— TASK TO CARRY OUT —
Please reproduce all of the data exactly as it appears, but skip the pictures.
━━━ GIVEN MATERIAL ━━━
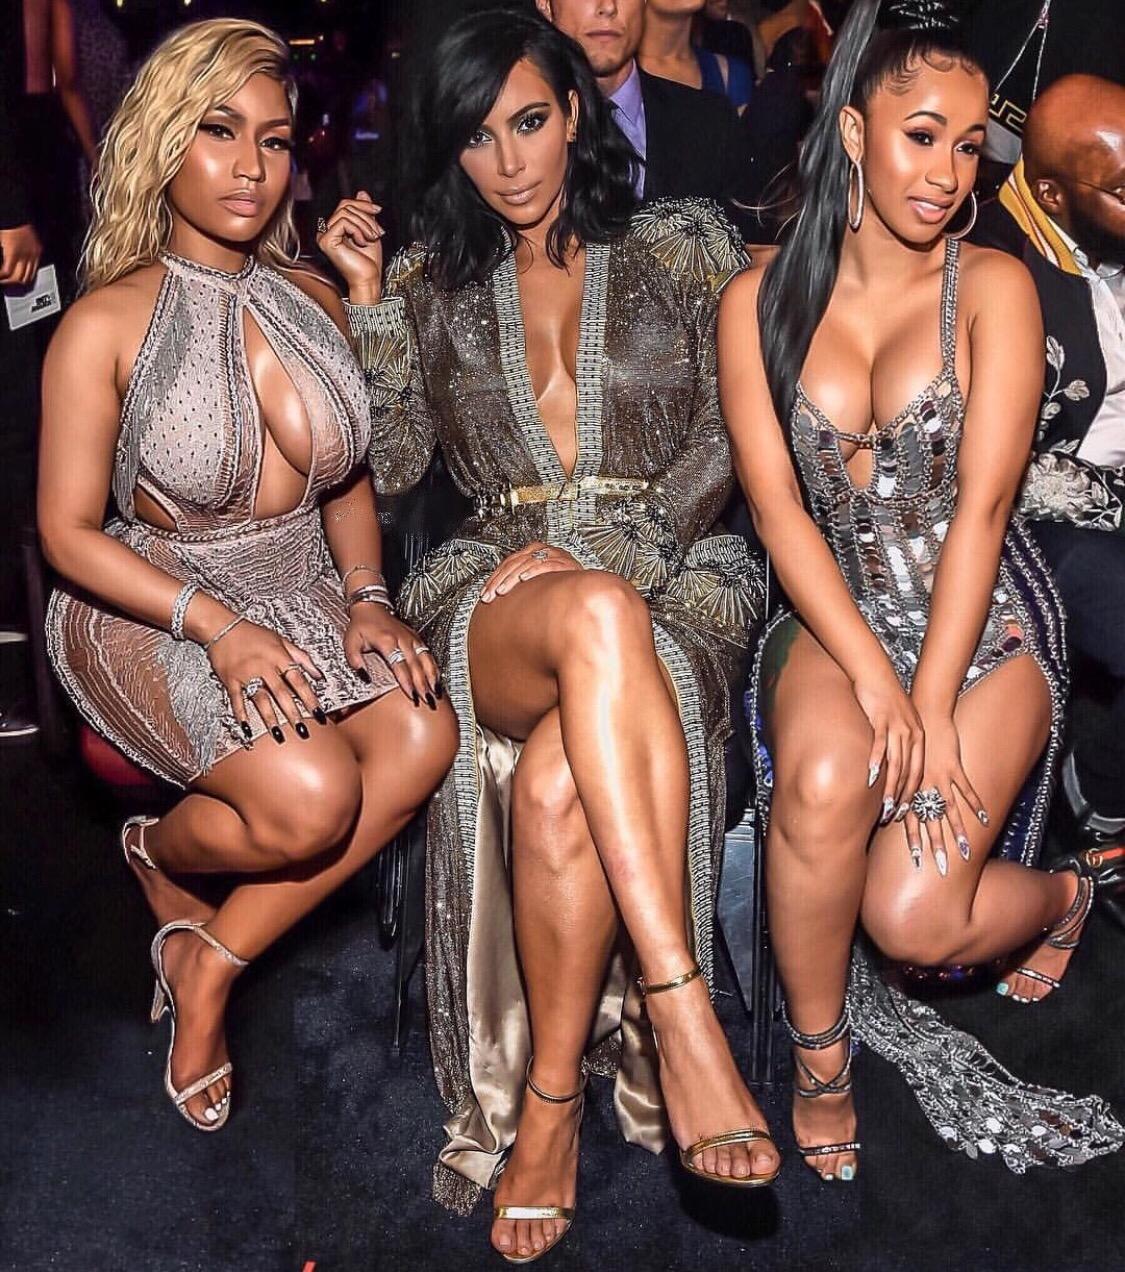 Cardi B joins Kris Jenner's rich people's club
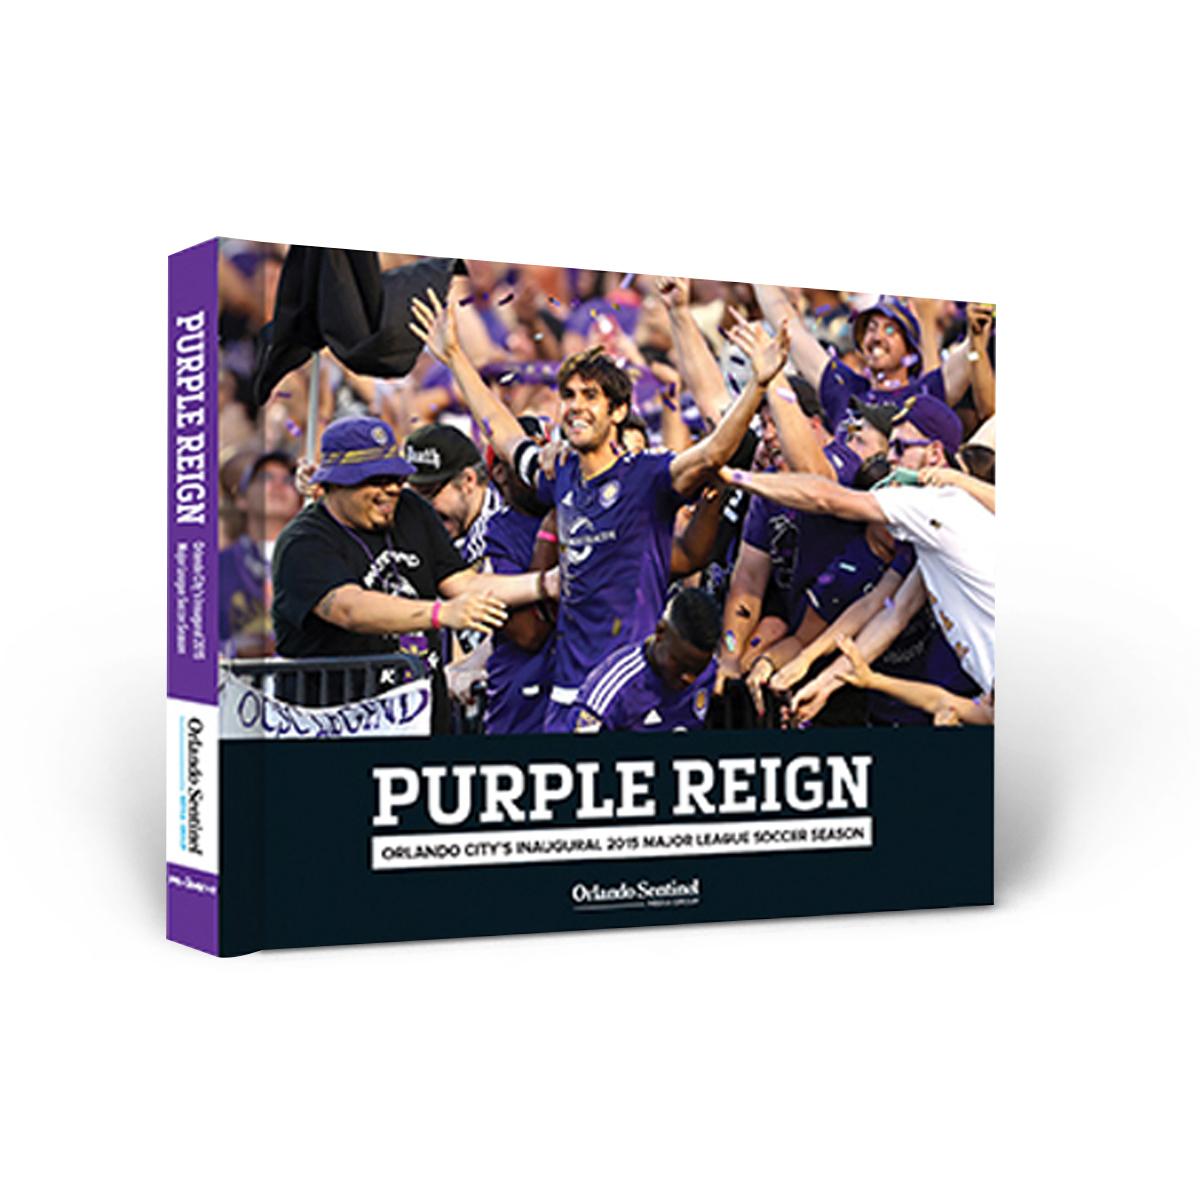 """Purple Reign: Orlando City's Inaugural 2015 Major League Soccer Season"" Book"
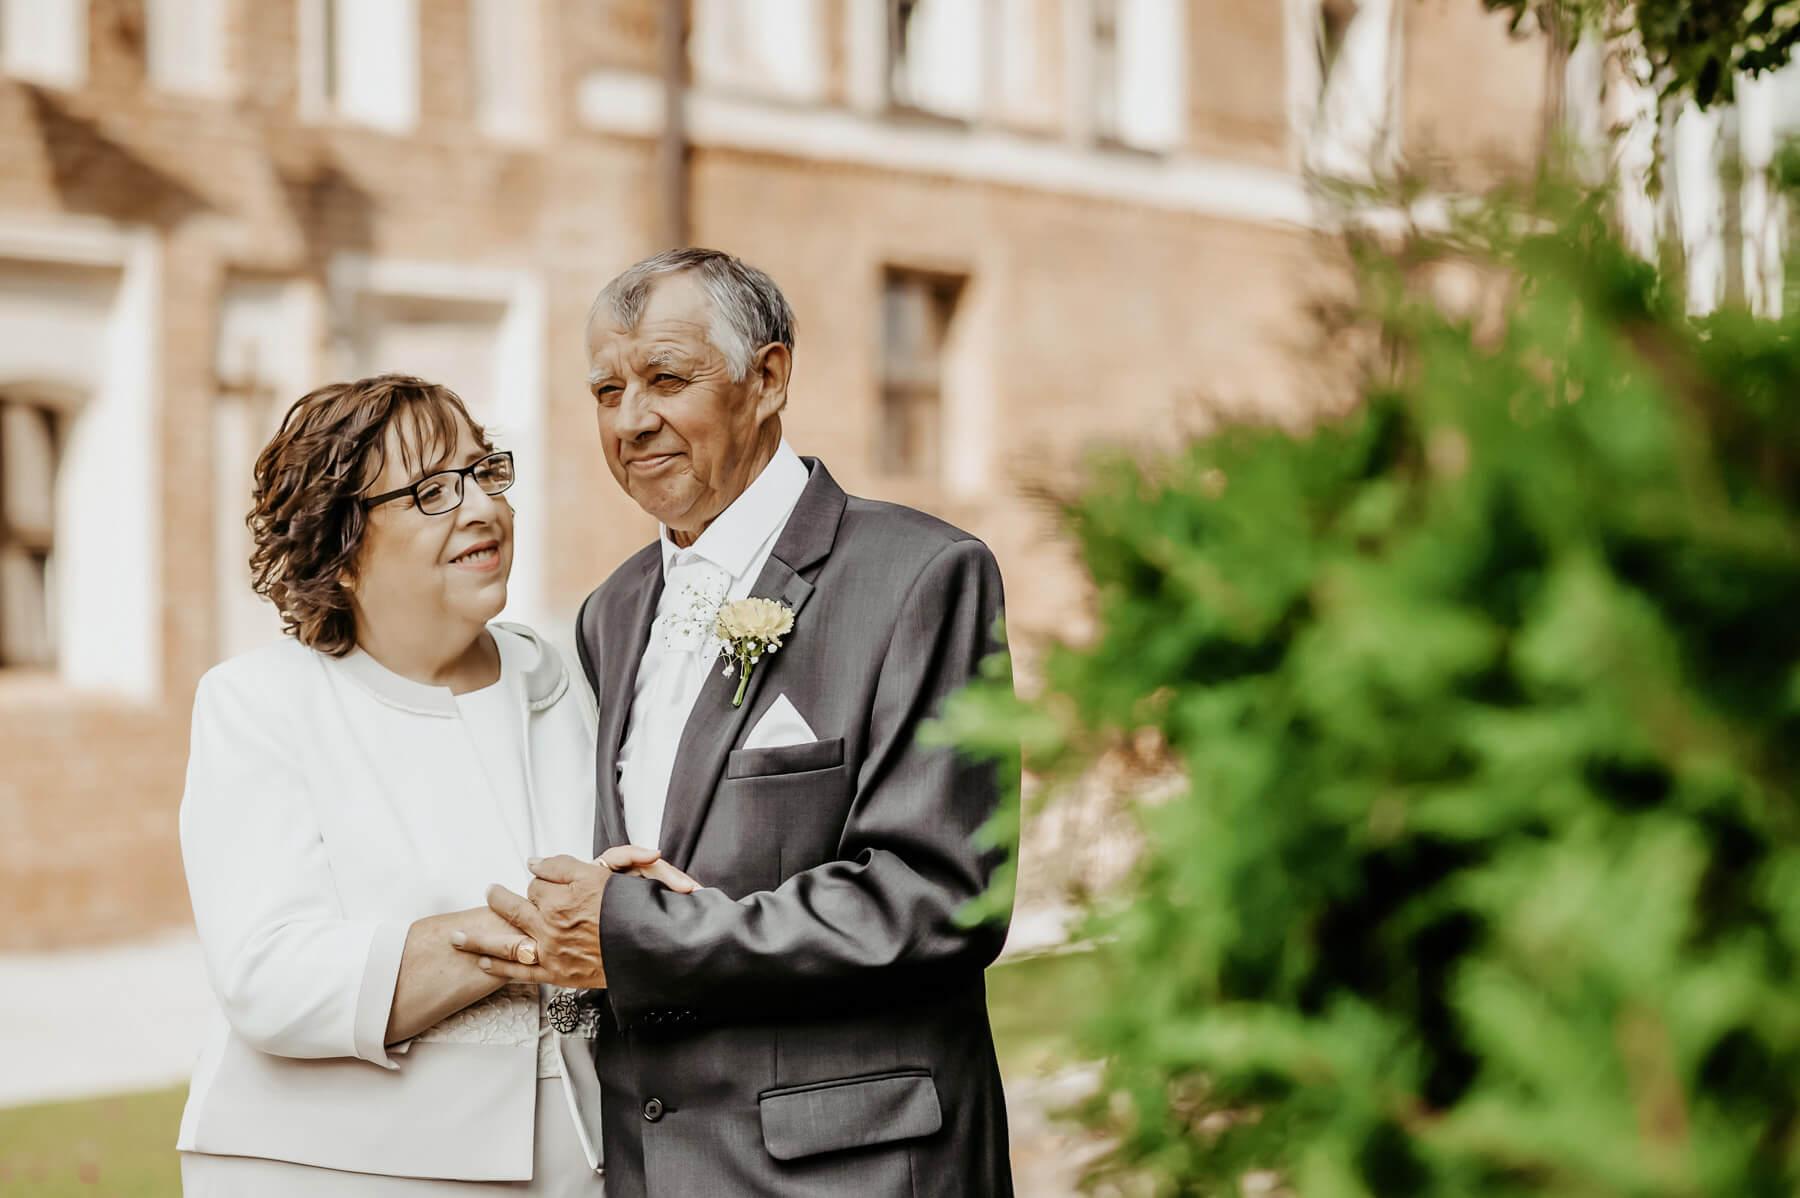 50 metu santuokos izadu atnaujinimas
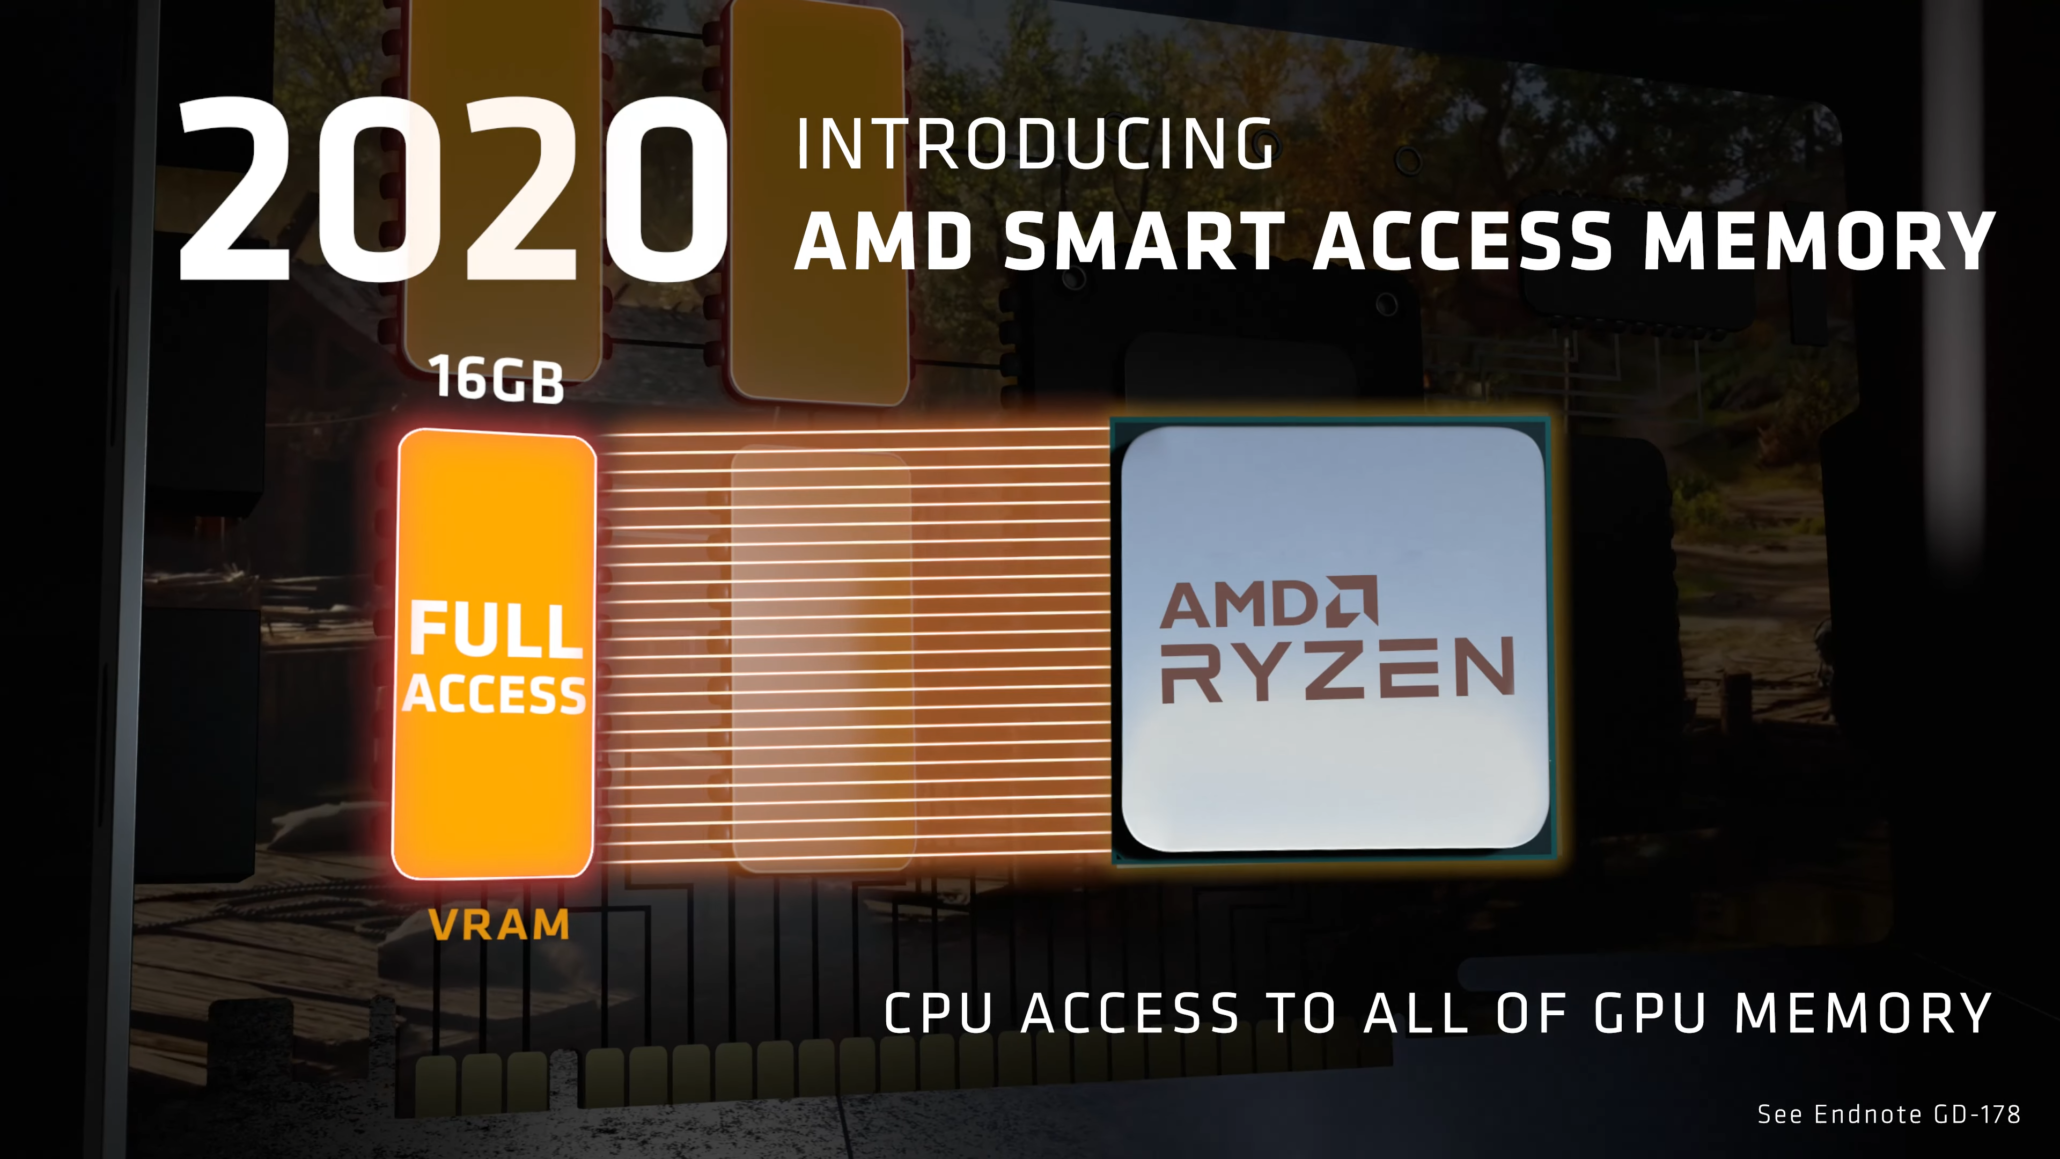 MSI Menunjukkan AMD Smart Access Memory yang Berjalan pada CPU AMD Ryzen 3000 & Ryzen 4000G Dengan NVIDIA GeForce RTX 30 GPUs
━━━
— WRITTEN RESPONSE —
 Cardi B joins Kris Jenner's rich people's club
 """Purple Reign: Orlando City's Inaugural 2015 Major League Soccer Season"" Book"
 50 metu santuokos izadu atnaujinimas
 MSI Menunjukkan AMD Smart Access Memory yang Berjalan pada CPU AMD Ryzen 3000 & Ryzen 4000G Dengan NVIDIA GeForce RTX 30 GPUs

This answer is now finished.